Но вот уже виден Икен. Что ждет его здесь?… Не поймают ли? Но Пабеса ведь знал, когда сказал, что лучше идти в Икен. Поймать его могут только те люди, которые хорошо его знают, а они далеко отсюда. Все они живут у пещерного храма, у второго порога Хапи. «Прежде всего добуду себе поесть, – подумал Памеджаи, входя в ворота Икена. – Какой хороший город Икен! Так много людей… Здесь легко затеряться среди грузчиков, среди торговцев и корабельщиков. Я вижу людей с Отрогов Земли. Не печалься, Памеджаи, все будет хорошо…»
Он шел по улицам Икена и все думал, к кому бы обратиться с предложением взять священного скарабея и дать взамен еду. Но он не решился обратиться к первому попавшемуся человеку на улице; он пошел в порт, туда, где грузились суда. Он увидел суда, груженные черным деревом и слоновой костью. Он увидел грузчиков-нубийцев, которые тащили на головах сверкающие на солнце слитки меди. Его внимание привлекли клетки со львами и леопардами. Грузчик-нубиец тащил на спине шкуры леопардов. Памеджаи пошел за ним. И когда грузчик остановился передохнуть, он протянул к нему сердоликового скарабея и сказал на своем родном языке:
– Добрый человек, ты брат мне, мы оба с Отрогов Земли. Может быть, тебе нужен этот талисман на счастье? Дай мне за него немного еды. Я очень голоден.
Узнав, как скромны требования Памеджаи, грузчик-нубиец тотчас же сбегал на судно и принес все, о чем мечтал Памеджаи. Мало того, он дал ему еще несколько головок чеснока. И Памеджаи радостно рассмеялся, когда собрал все это богатство в свое рваное покрывало.
Прощаясь с Памеджаи, грузчик сказал:
– Ты кстати пришел ко мне, брат. Выгружать шкуры самых страшных хищников – пустое занятие. А вот когда надо выгружать клетки с хищниками, вот тогда важно иметь с собой священного скарабея. Мой брат погиб оттого, что лев протянул лапу из клетки и нанес ему смертельные раны.

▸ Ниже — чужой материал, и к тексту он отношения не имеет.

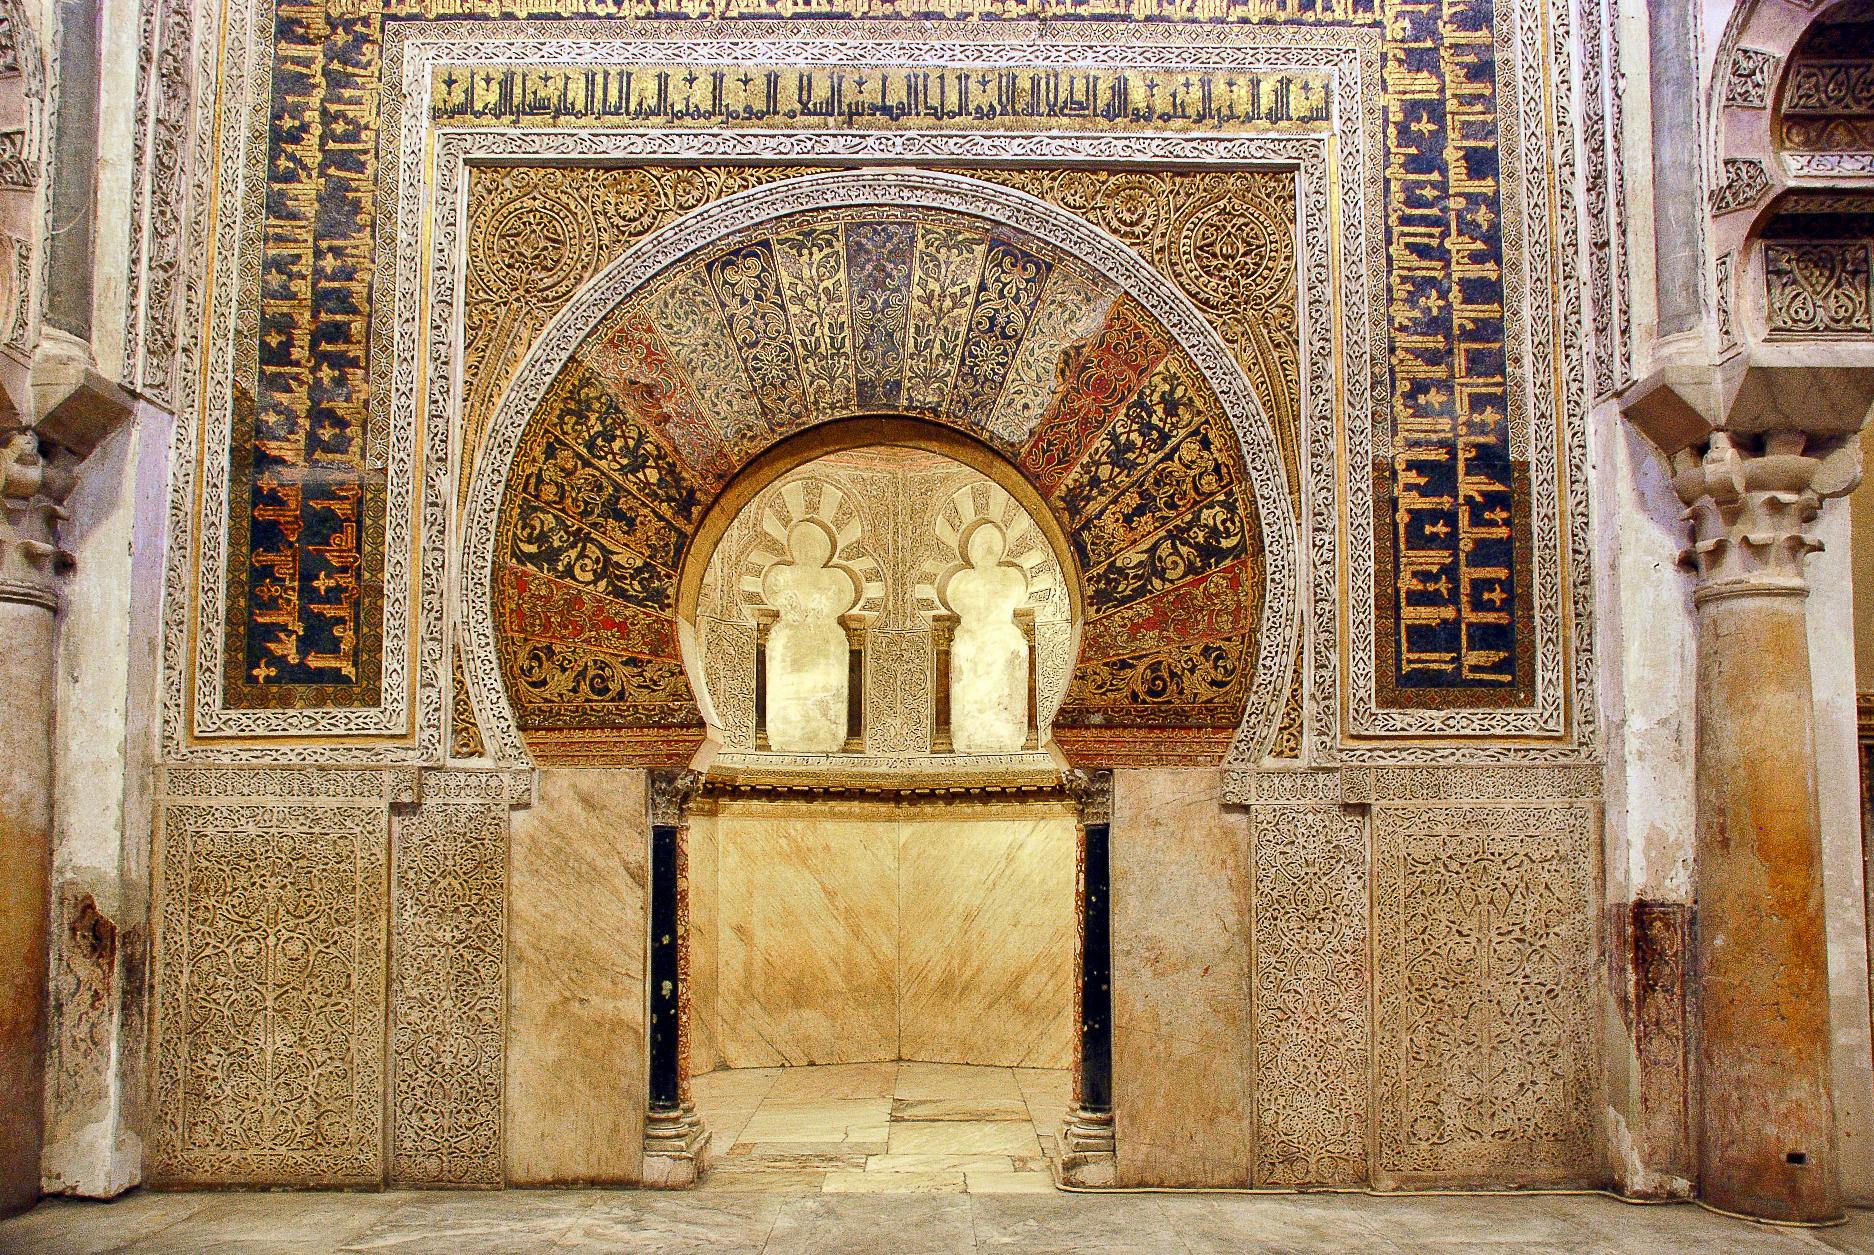 File:Cordoba, la Mezquita - Mihrab.jpg - Wikimedia Commons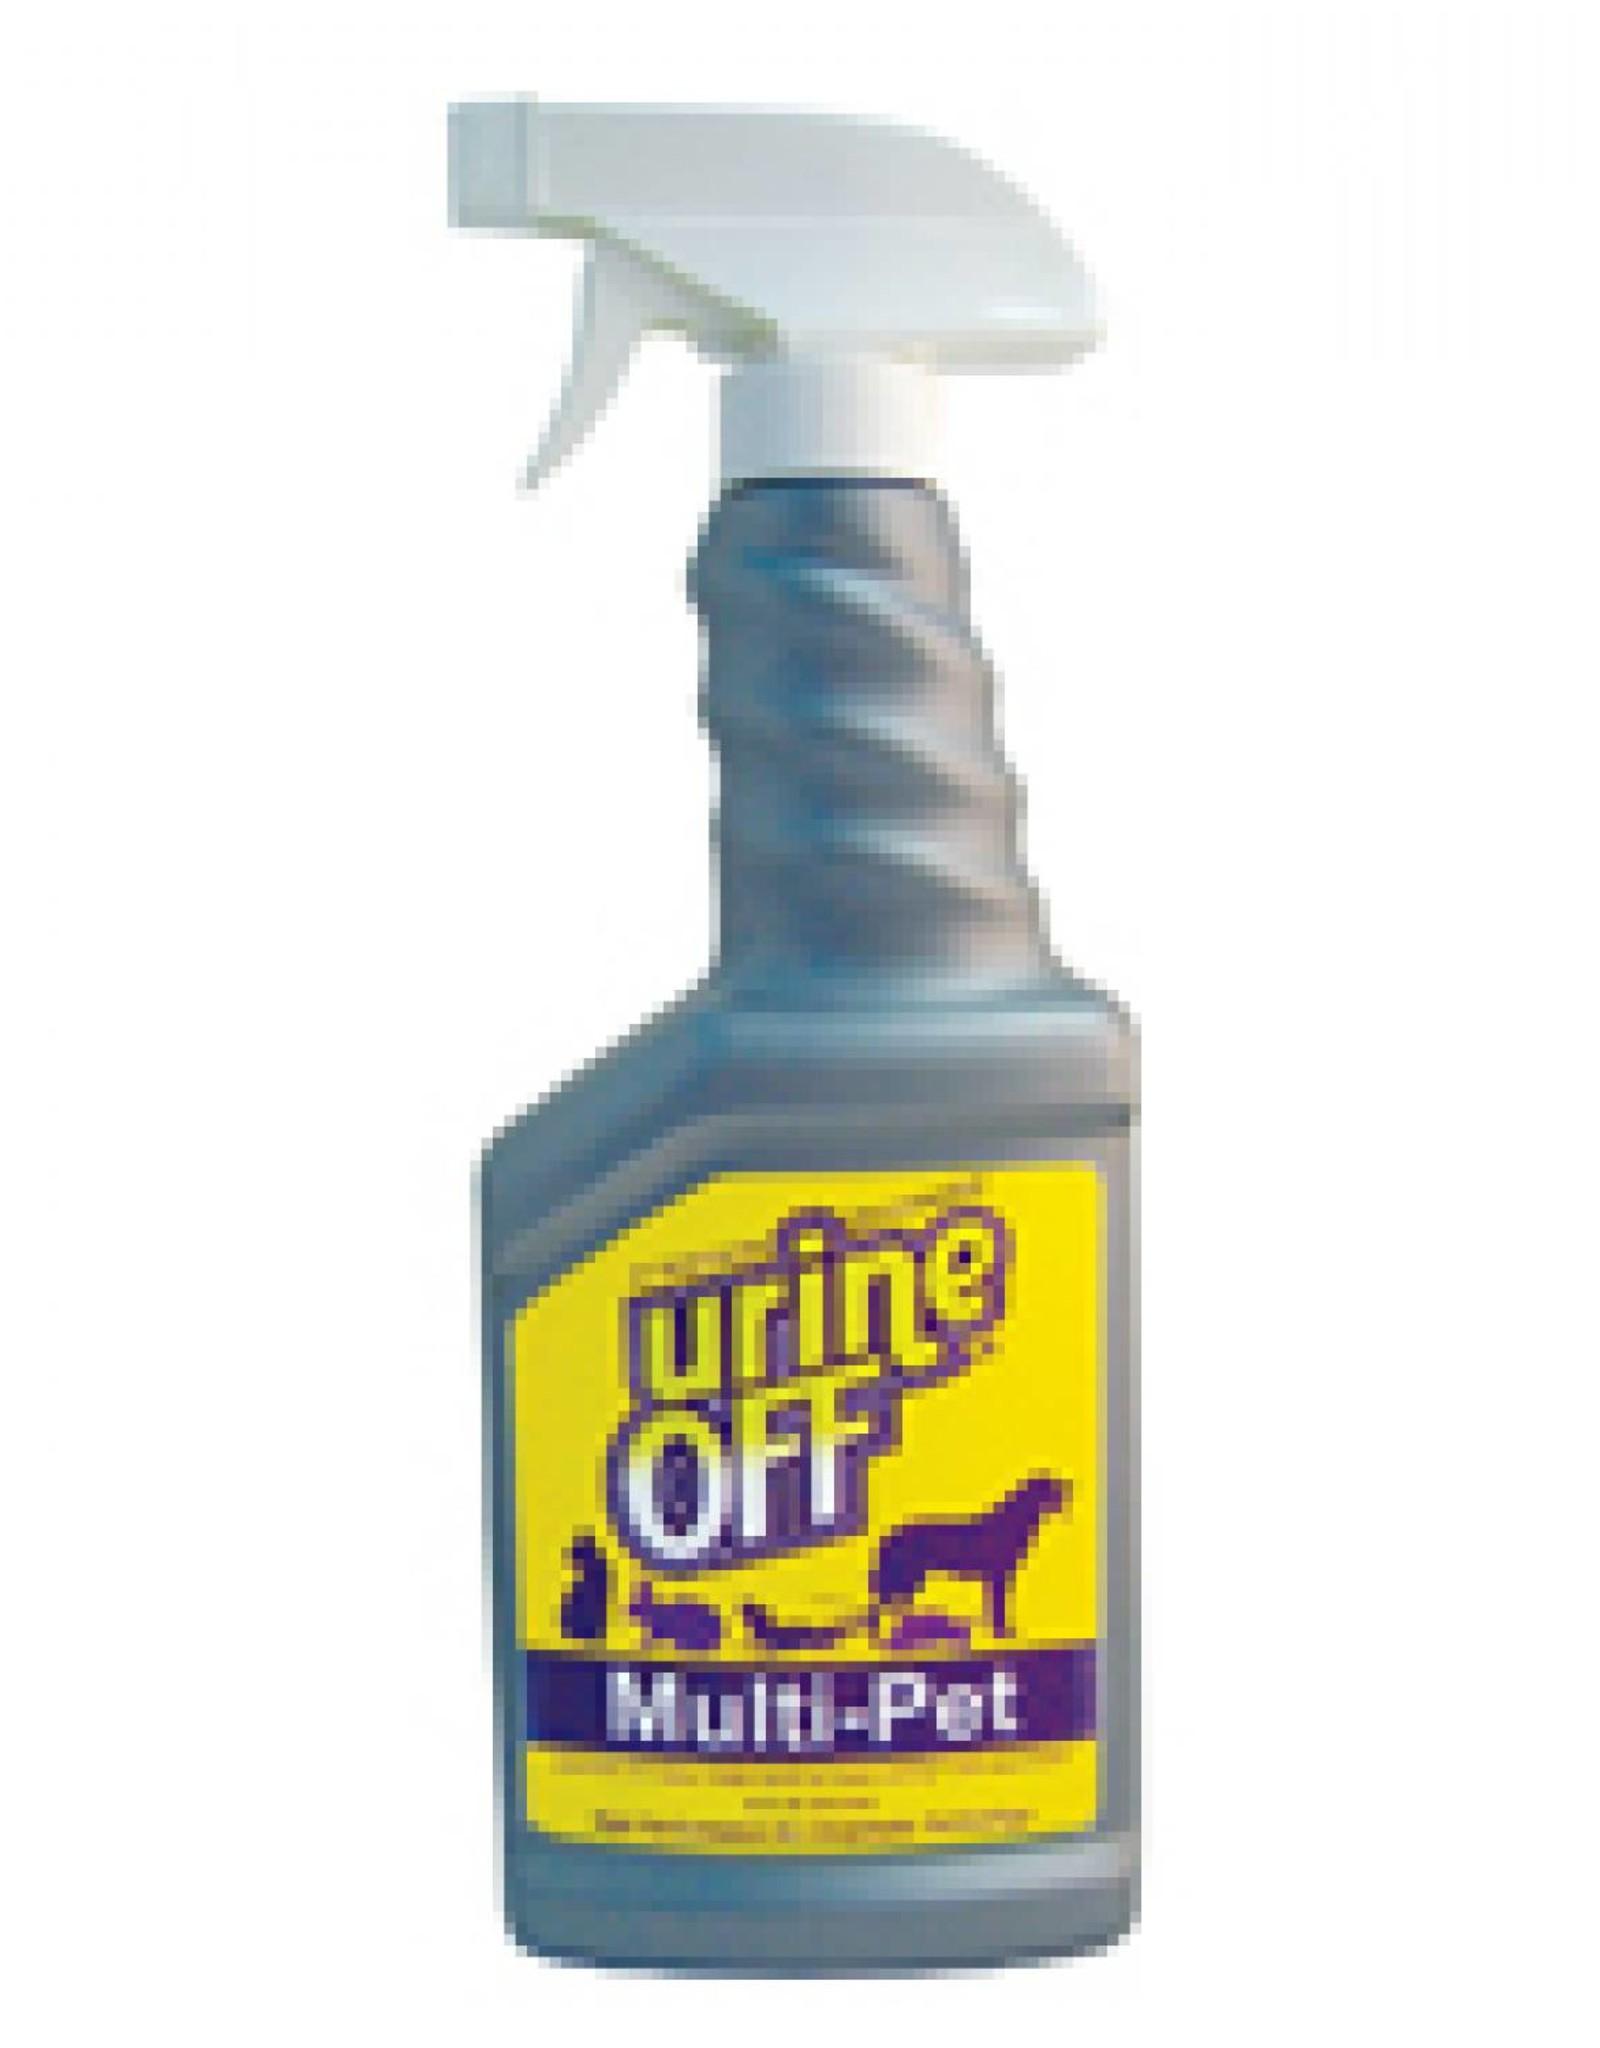 UrineOff Multi-Purpose Reiniger karaf Sprayflacon. Doos: 12 x 1 Liter.

– Мой скарабей тебе поможет, друг…
Памеджаи так понравилось в порту Икена, что он тут же на берегу расположился, чтобы отдохнуть и посмотреть, как живут здесь люди. К тому же он вдруг понял, что может увидеть здесь бесчисленные дары подвластных фараону правителей, которые хотят задобрить Рамсеса и заслужить его благоволение. Спрятавшись в тени большой ладьи, Памеджаи так и уснул, положив под голову узелок с едой. Все его достояние уместилось под головой.
А рядом разгружались суда. Откуда-то доставили сюда горы страусовых перьев. Должно быть, их привезли для опахал всем двумстам дочерям и сыновьям фараона. Горы пестрых с золотом страусовых перьев! Памеджаи спал и не видел, как вереница рабов перетаскивала корзины, полные виноградом, фигами, гранатами и маслинами.
Он проснулся только на рассвете следующего дня, и то не сам, а с помощью старого нубийца, который дал ему хорошего пинка. Судно уходило от причала, и, заметив спящего, корабельщик разбудил худого, с седеющей бородой человека без покрывала и без сандалий.
Вскочив, Памеджаи не сразу понял, где он, а потом, увидев свой узелок, вспомнил все, рассмеялся, схватил его и побежал. На душе у него было необыкновенное чувство свободы – чувство, которого он не испытывал с самого детства. Сегодня никто не мог его погнать, выругать, заставить таскать тяжести. Никто не мог приказать делать трудную и непонятную работу. Он волен, как птица, и может пойти куда угодно и делать что угодно.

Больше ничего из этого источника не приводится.